Tribunal Administratif de Paris — Décision N° TA75-2308934

vendredi 5 mai 2023

JuridictionTribunal Administratif de Paris
SectionTribunal Administratif de Paris
N° DossierTA75-2308934
TypeDécision
RecoursExcès de pouvoir
PublicationC
Avocat requérantDE SEZE

Texte intégral

Vu la procédure suivante :

Par une requête et un mémoire, enregistrés le 20 avril et le 27 avril 2023,

M. C B, représenté par Me de Seze, demande au juge des référés :

1°) de l'admettre au bénéfice de l'aide juridictionnelle provisoire ;

2°) de suspendre, sur le fondement de l'article L. 521-1 du code de justice administrative, l'exécution de la décision du 13 avril 2023 par laquelle l'Office français de l'immigration et de l'intégration (OFII) a refusé de rétablir ses conditions matérielles d'accueil ;

3°) d'enjoindre au directeur de l'OFII de rétablir ses conditions matérielles d'accueil, dans un délai de 15 jours à compter de l'ordonnance à intervenir, sous astreinte de 50 euros par jour de retard ;

4°) de mettre à la charge de l'OFII le versement de la somme de 1 500 euros

Me de Seze sur le fondement des articles L. 761-1 du code de justice administrative et 37 de la loi du 10 juillet 1991.

Il soutient que :

En ce qui concerne l'urgence :

- l'urgence à suspendre la décision contestée est caractérisée dès lors qu'il ne dispose d'aucune ressource et se trouve dépourvu de toute possibilité de pourvoir à ses besoins essentiels ;

- il ne s'est pas placé lui-même dans cette situation d'urgence dès lors qu'il n'a pas manqué à ses obligations de demandeur d'asile ;

- il a sollicité le rétablissement de ses conditions matérielles d'accueil dès la requalification de sa demande d'asile en procédure normale ;

- il présente une vulnérabilité particulière, qui n'a pas été prise en compte par l'OFII ;

- sa situation a récemment été considérée, par le tribunal administratif de Paris, comme justifiant l'intervention du juge des référés ;

En ce qui concerne le doute sérieux quant à la légalité de la décision contestée :

- cette décision est insuffisamment motivée ;

- elle est entachée d'une irrégularité tirée du défaut d'examen de sa situation particulière ;

- la procédure est entachée d'une irrégularité tirée de l'absence de formation spécifique de l'agent ayant mené l'entretien de vulnérabilité ;

- le contenu du questionnaire d'évaluation de la vulnérabilité, fixé par un arrêté du

23 octobre 2015, est illégal, ce qui entraîne l'illégalité par voie d'exception de la décision contestée ;

- la décision est entachée d'une erreur de fait, une erreur de droit et une erreur manifeste d'appréciation dès lors que M. B ne s'est pas soustrait à ses obligations et n'a pas tenté de se dérober à l'exécution de la mesure de transfert dont il faisait l'objet ;

- la décision est entachée d'une erreur manifeste d'appréciation dans la modulation du degré de refus de rétablissement de ses conditions matérielles d'accueil.

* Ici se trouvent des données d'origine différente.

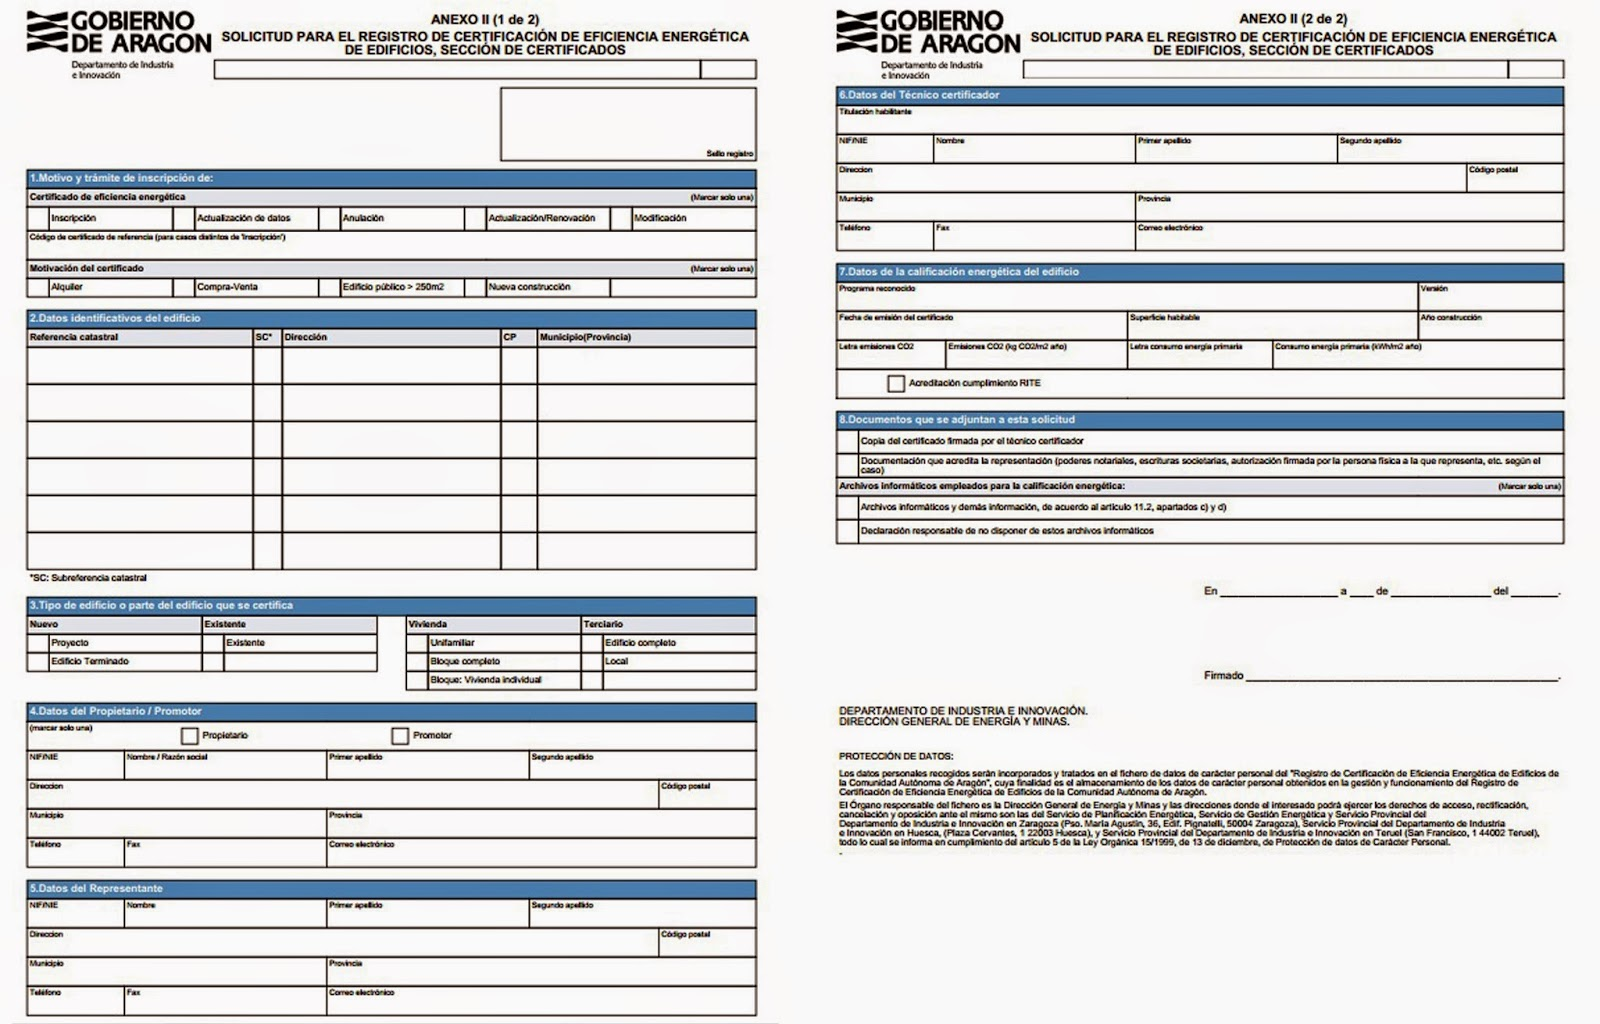 Registro certificado energético Aragón - Anexo II

Par un mémoire en défense enregistré le 24 avril 2023, l'OFII conclut au rejet de la requête au motif que les conditions d'urgence et de doute sérieux quant à la légalité de la décision ne sont pas remplies.

Vu :

- les autres pièces du dossier ;

- la requête, enregistrée le 20 avril 2023 sous le n° 2308935, par laquelle le requérant demande l'annulation de la décision attaquée.

Vu :

- le code de l'entrée et du séjour des étrangers et du droit d'asile,

- la loi du n° 91-647 du 10 juillet 1991,

- le code de justice administrative.

Le président du tribunal a désigné M. Gros, vice-président de section, pour statuer sur les demandes de référé.

Les parties ont été régulièrement averties du jour de l'audience.

Au cours de l'audience publique tenue le 27 avril 2023 en présence de

Mme Toubi greffière d'audience, a été entendu le rapport de M. A. Les parties n'étaient ni présentes ni représentées.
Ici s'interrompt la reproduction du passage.